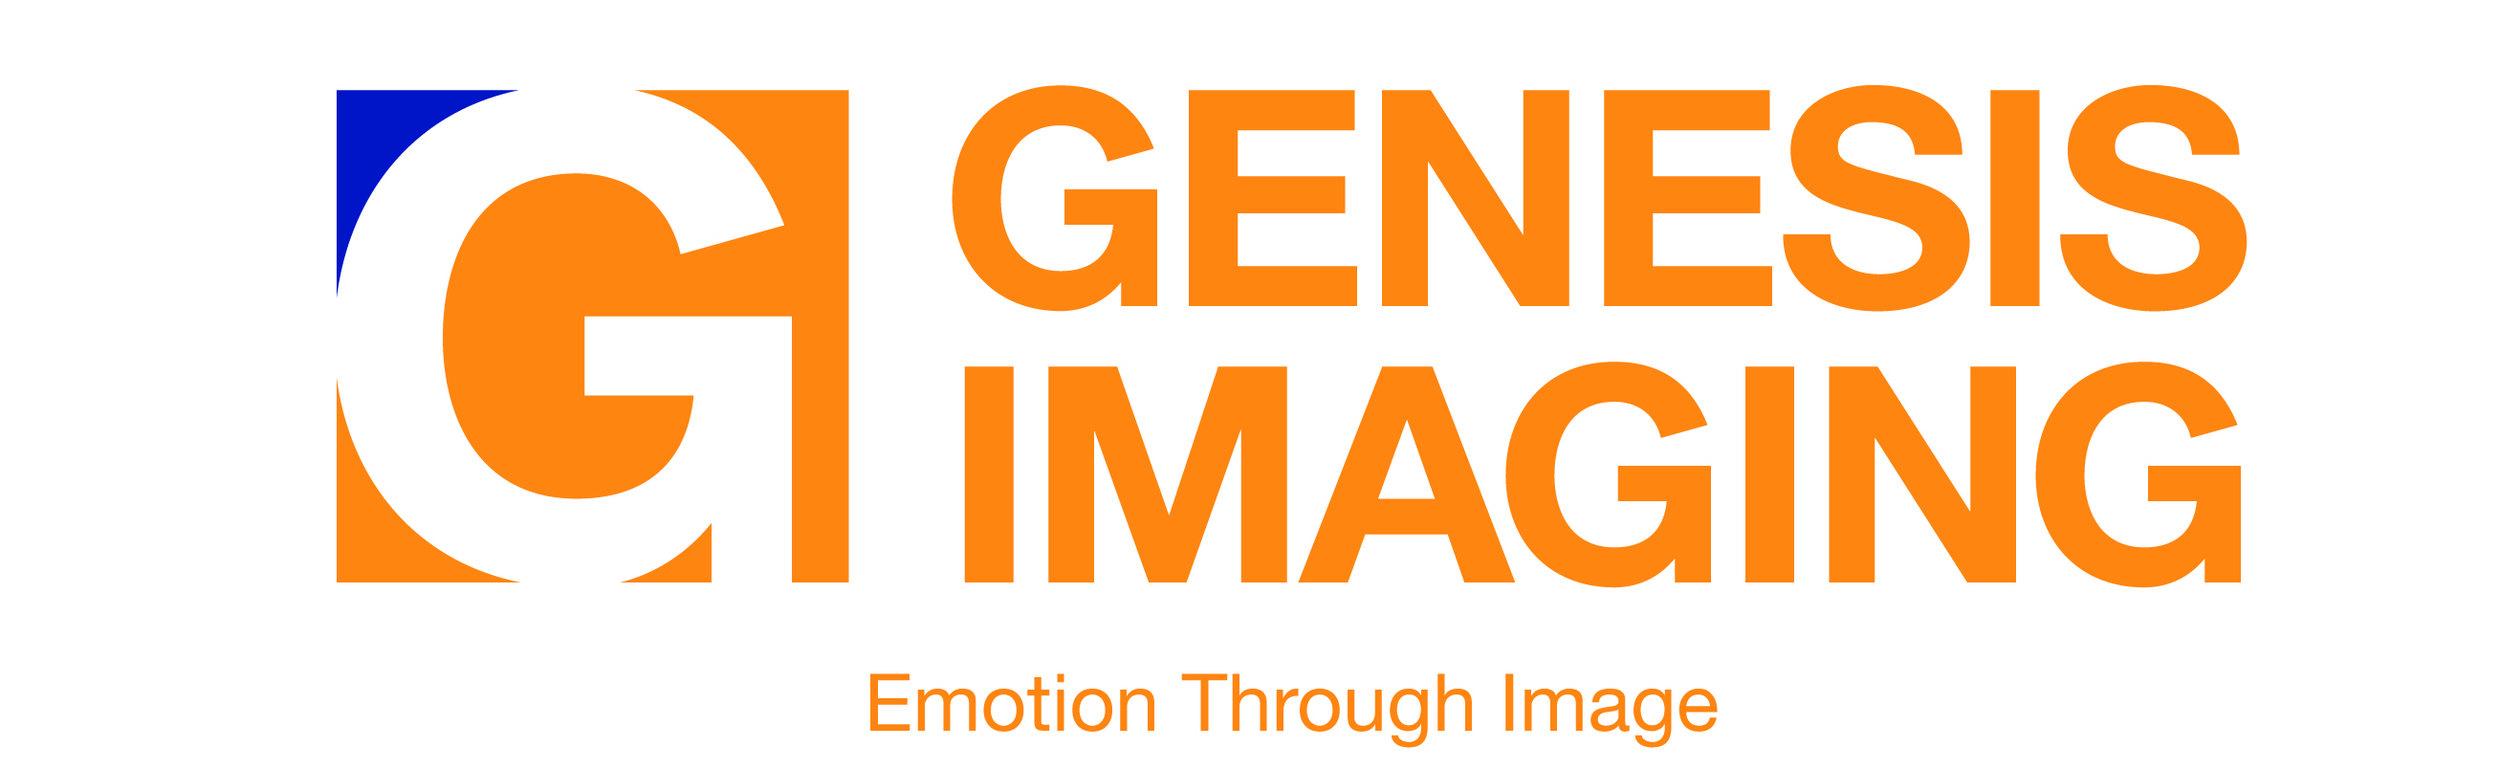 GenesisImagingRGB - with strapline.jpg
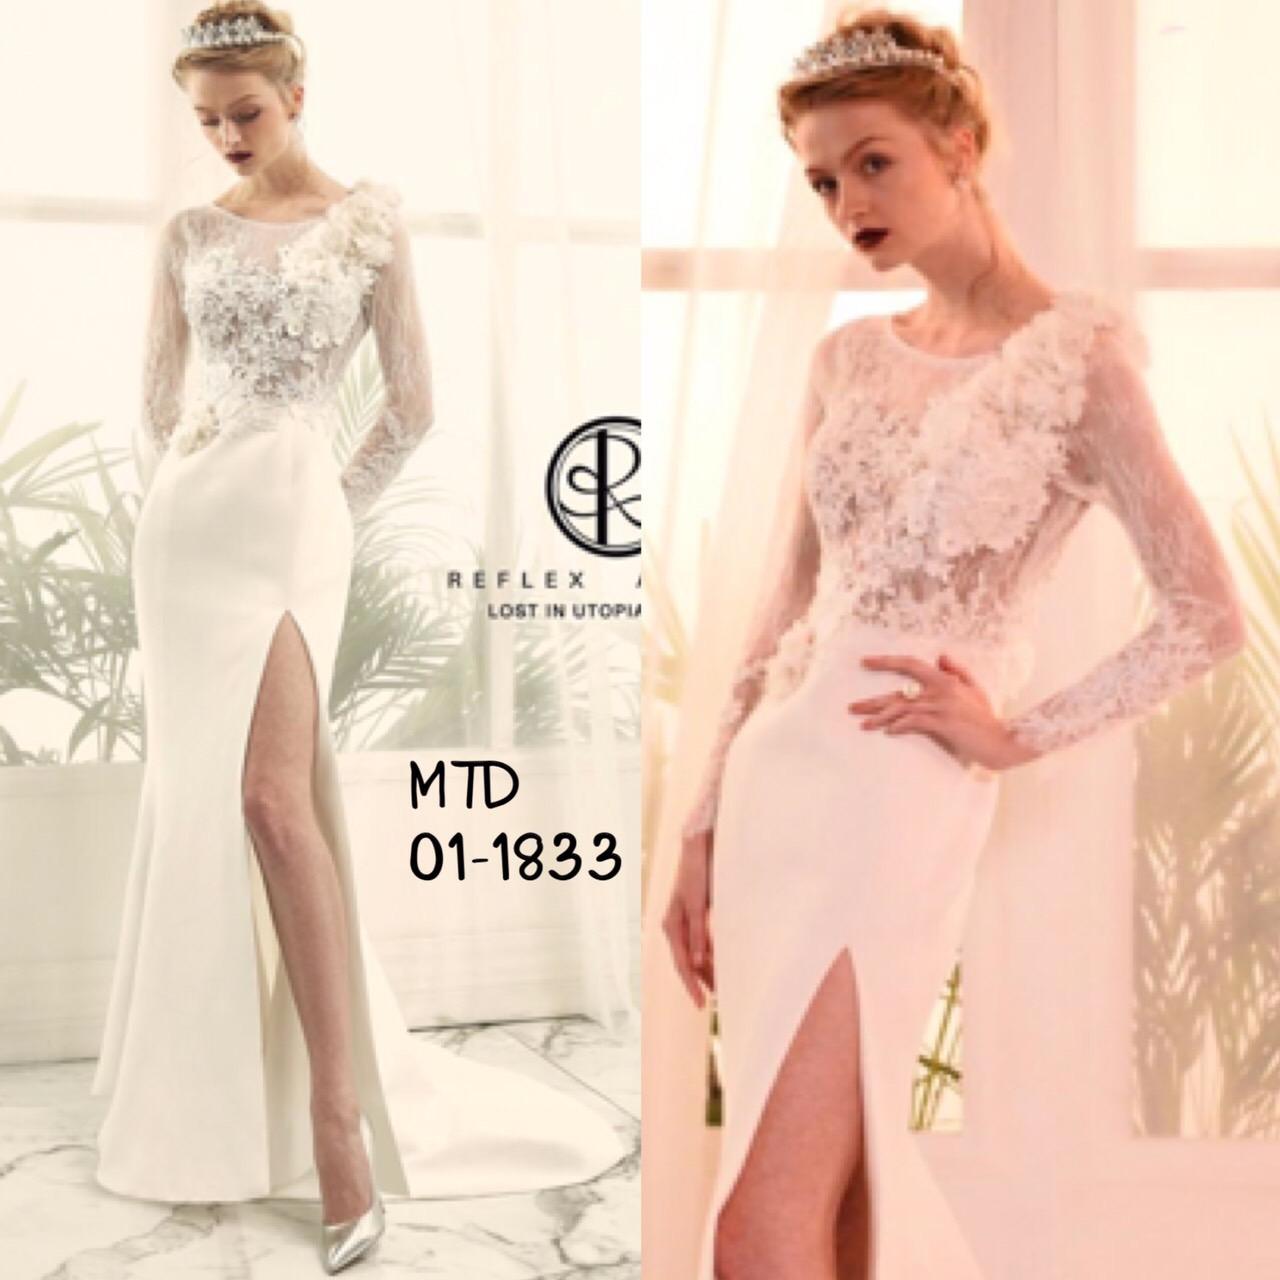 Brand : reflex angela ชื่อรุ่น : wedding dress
────
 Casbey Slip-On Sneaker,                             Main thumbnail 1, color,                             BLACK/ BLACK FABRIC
────
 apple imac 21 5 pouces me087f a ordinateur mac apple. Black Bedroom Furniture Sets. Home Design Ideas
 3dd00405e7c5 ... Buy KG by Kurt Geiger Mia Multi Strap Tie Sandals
────
Work required
After locating "GenesisImagingRGB - with strapline.jpg" and "Brand : reflex" in the records above, return exactly the line holding each one and every line between them; leave out the pictures.

Result
 GenesisImagingRGB - with strapline.jpg
 Brand : reflex angela ชื่อรุ่น : wedding dress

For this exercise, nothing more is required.